▶ [WORK ORDER] Below is a listing. Write out exactly its lines between the one holding "Primarul Târgoviştei a" and the one holding "エレクトロニック払い戻し権利を与えるミリオン プラスチック手袋 粉無No.2000", inclusive.

──────── RECORDS FOR THE TASK ────────

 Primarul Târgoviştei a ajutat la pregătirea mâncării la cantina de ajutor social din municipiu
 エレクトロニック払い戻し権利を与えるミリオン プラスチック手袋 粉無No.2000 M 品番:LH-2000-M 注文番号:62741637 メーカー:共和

────────
──────── RECORDS FOR THE TASK ────────

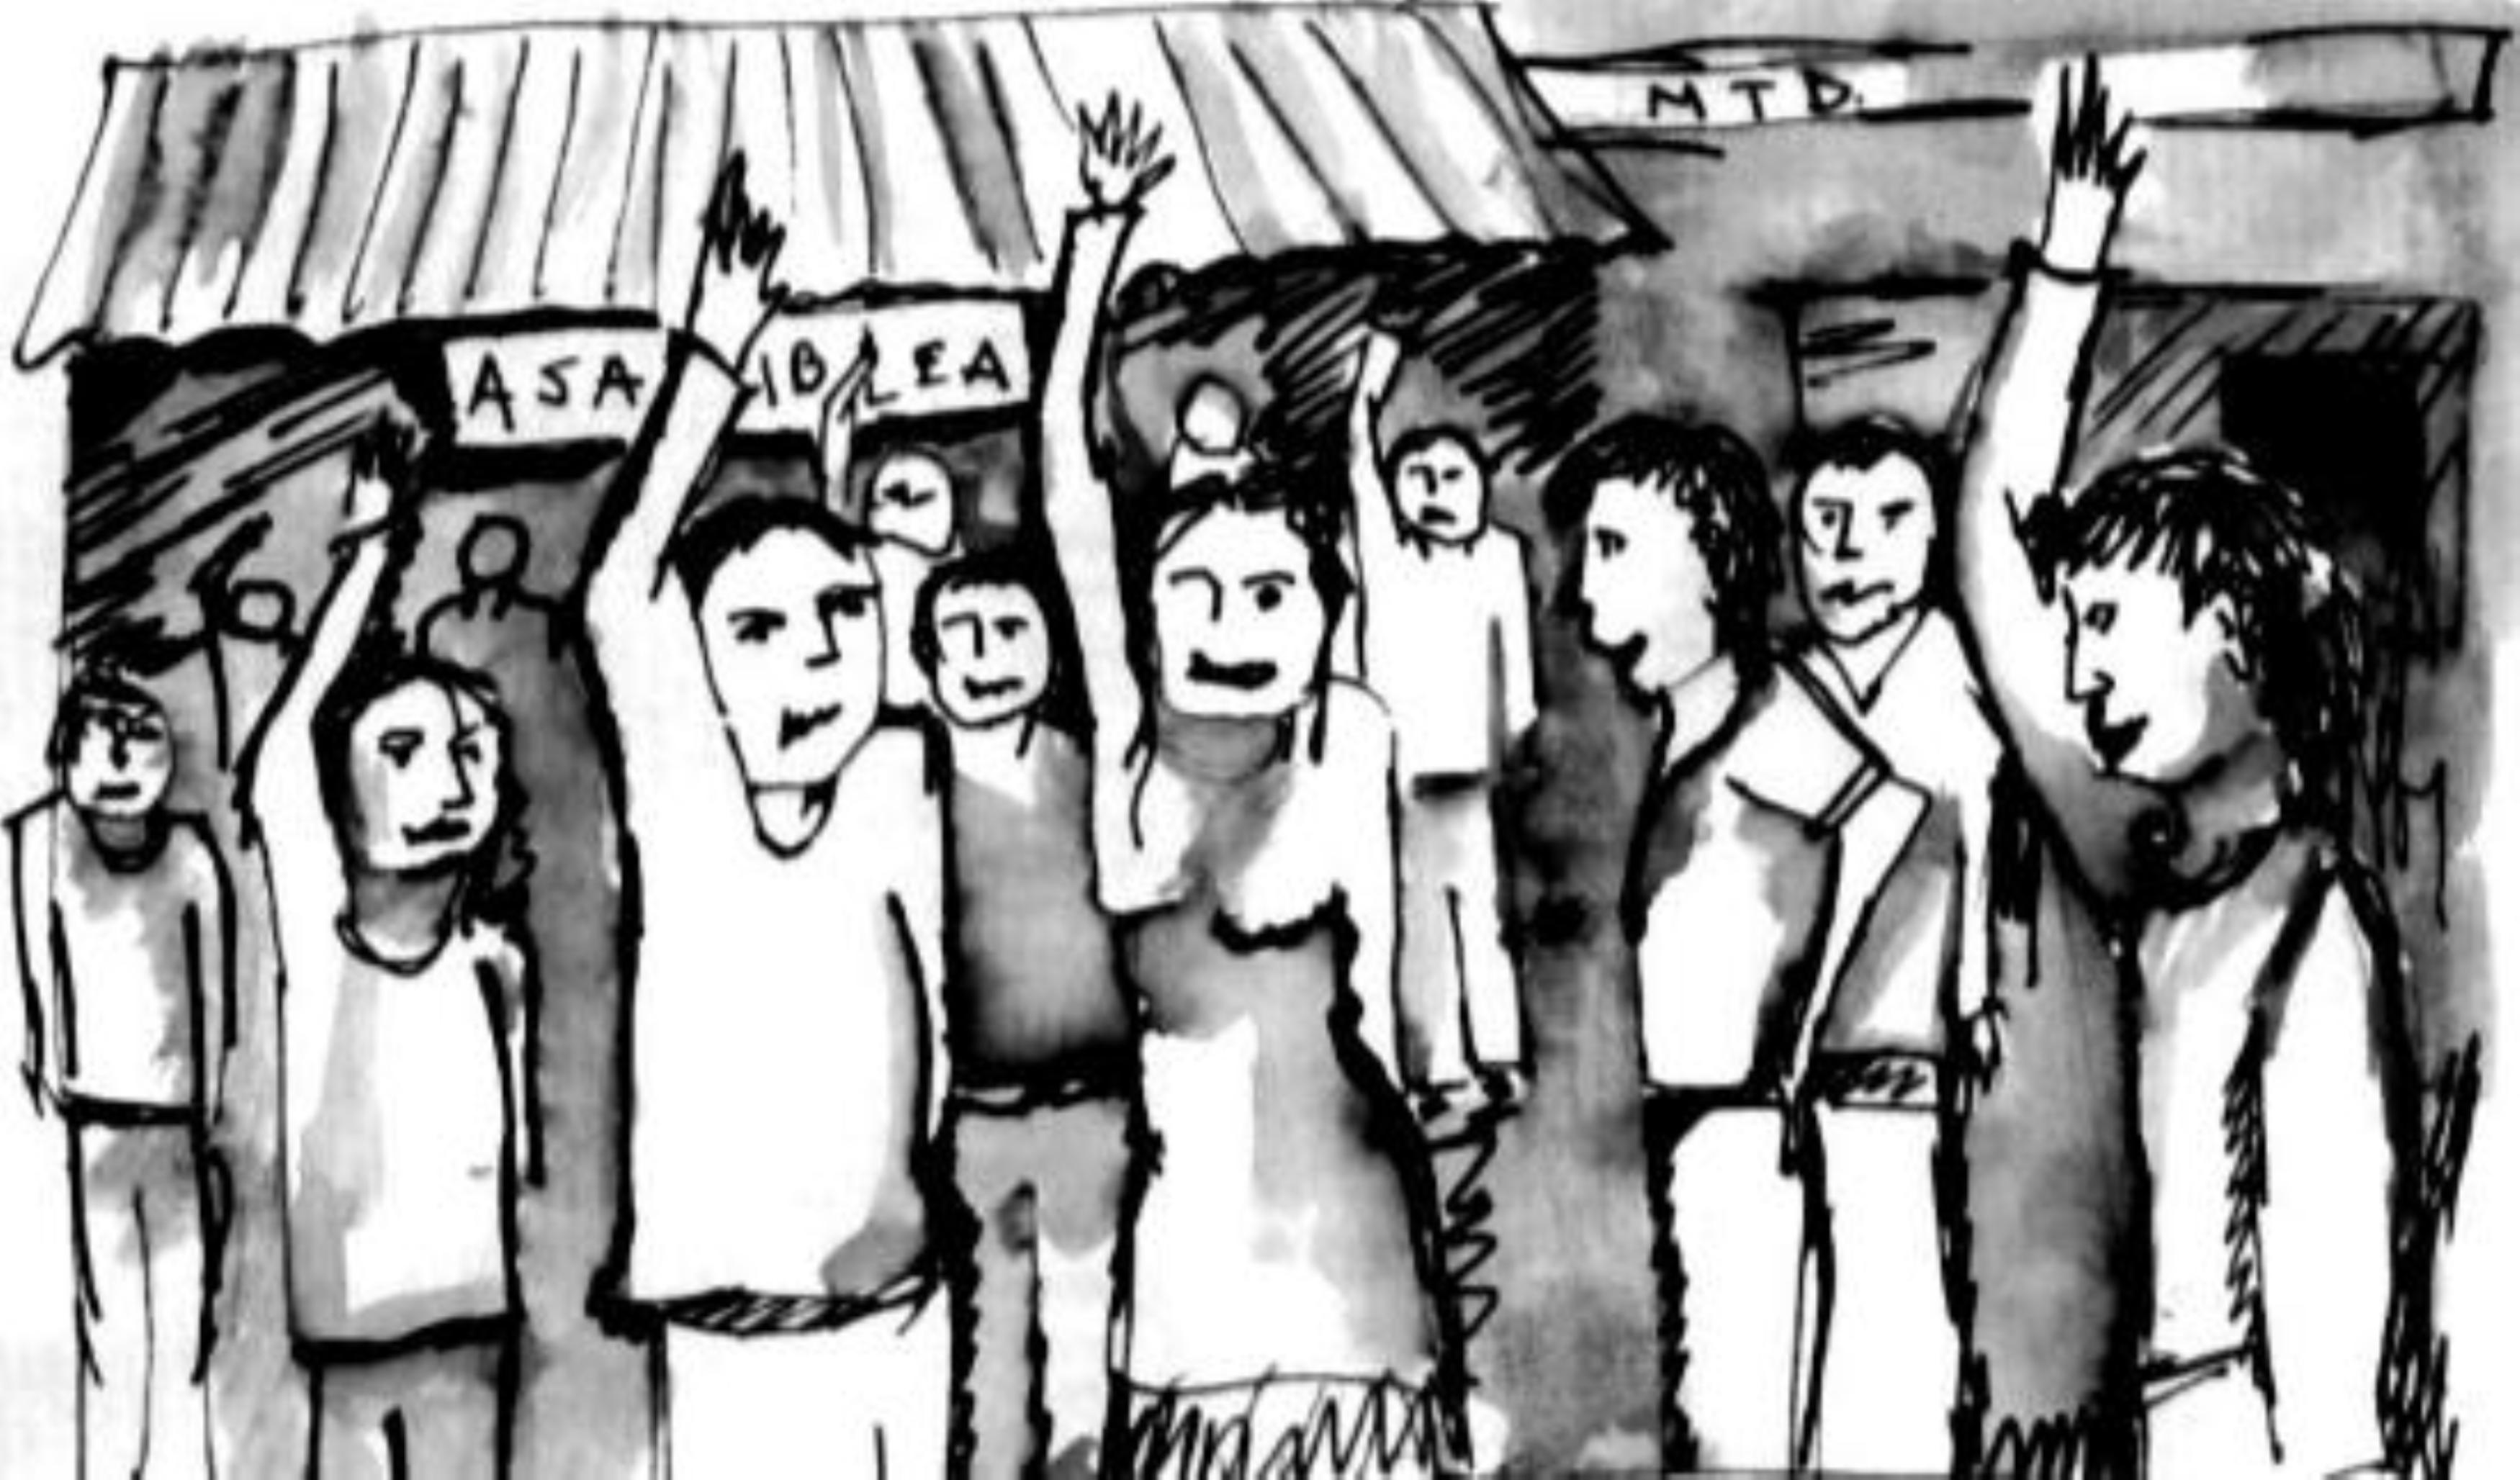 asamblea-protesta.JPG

────────
──────── RECORDS FOR THE TASK ────────

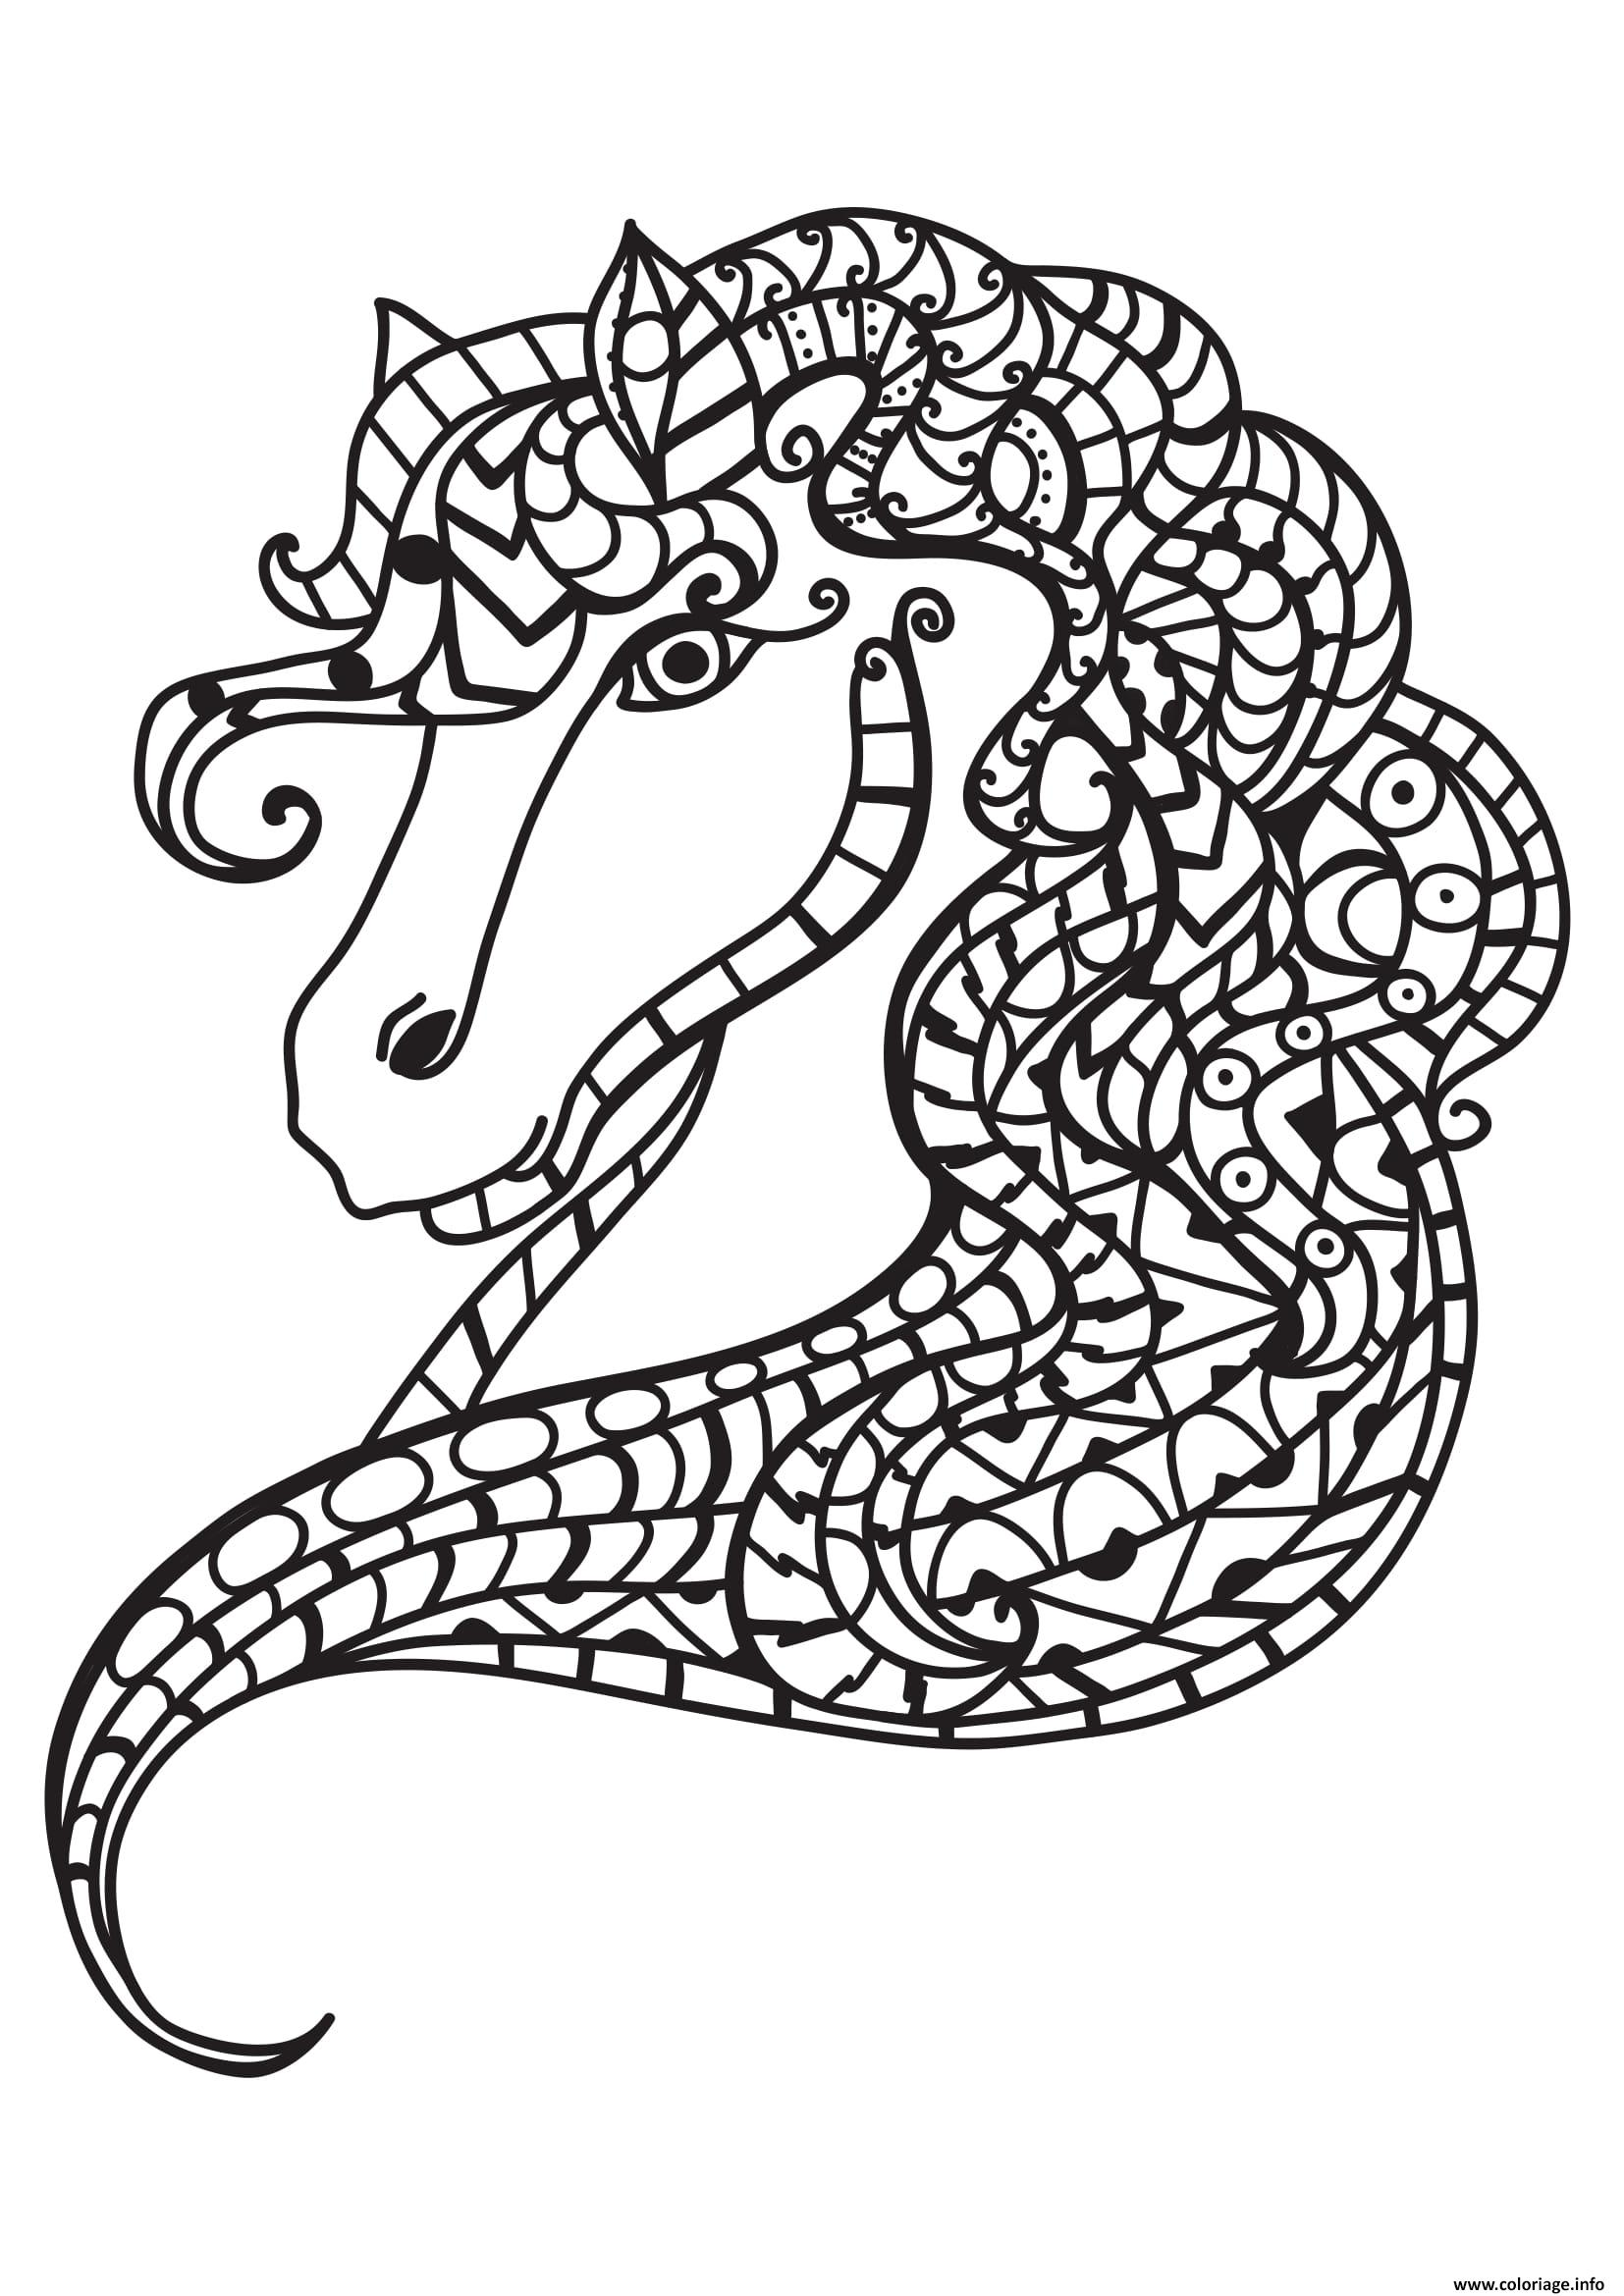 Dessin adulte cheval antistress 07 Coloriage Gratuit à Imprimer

────────

▶ [WRITTEN SOLUTION]
 Primarul Târgoviştei a ajutat la pregătirea mâncării la cantina de ajutor social din municipiu
 エレクトロニック払い戻し権利を与えるミリオン プラスチック手袋 粉無No.2000 M 品番:LH-2000-M 注文番号:62741637 メーカー:共和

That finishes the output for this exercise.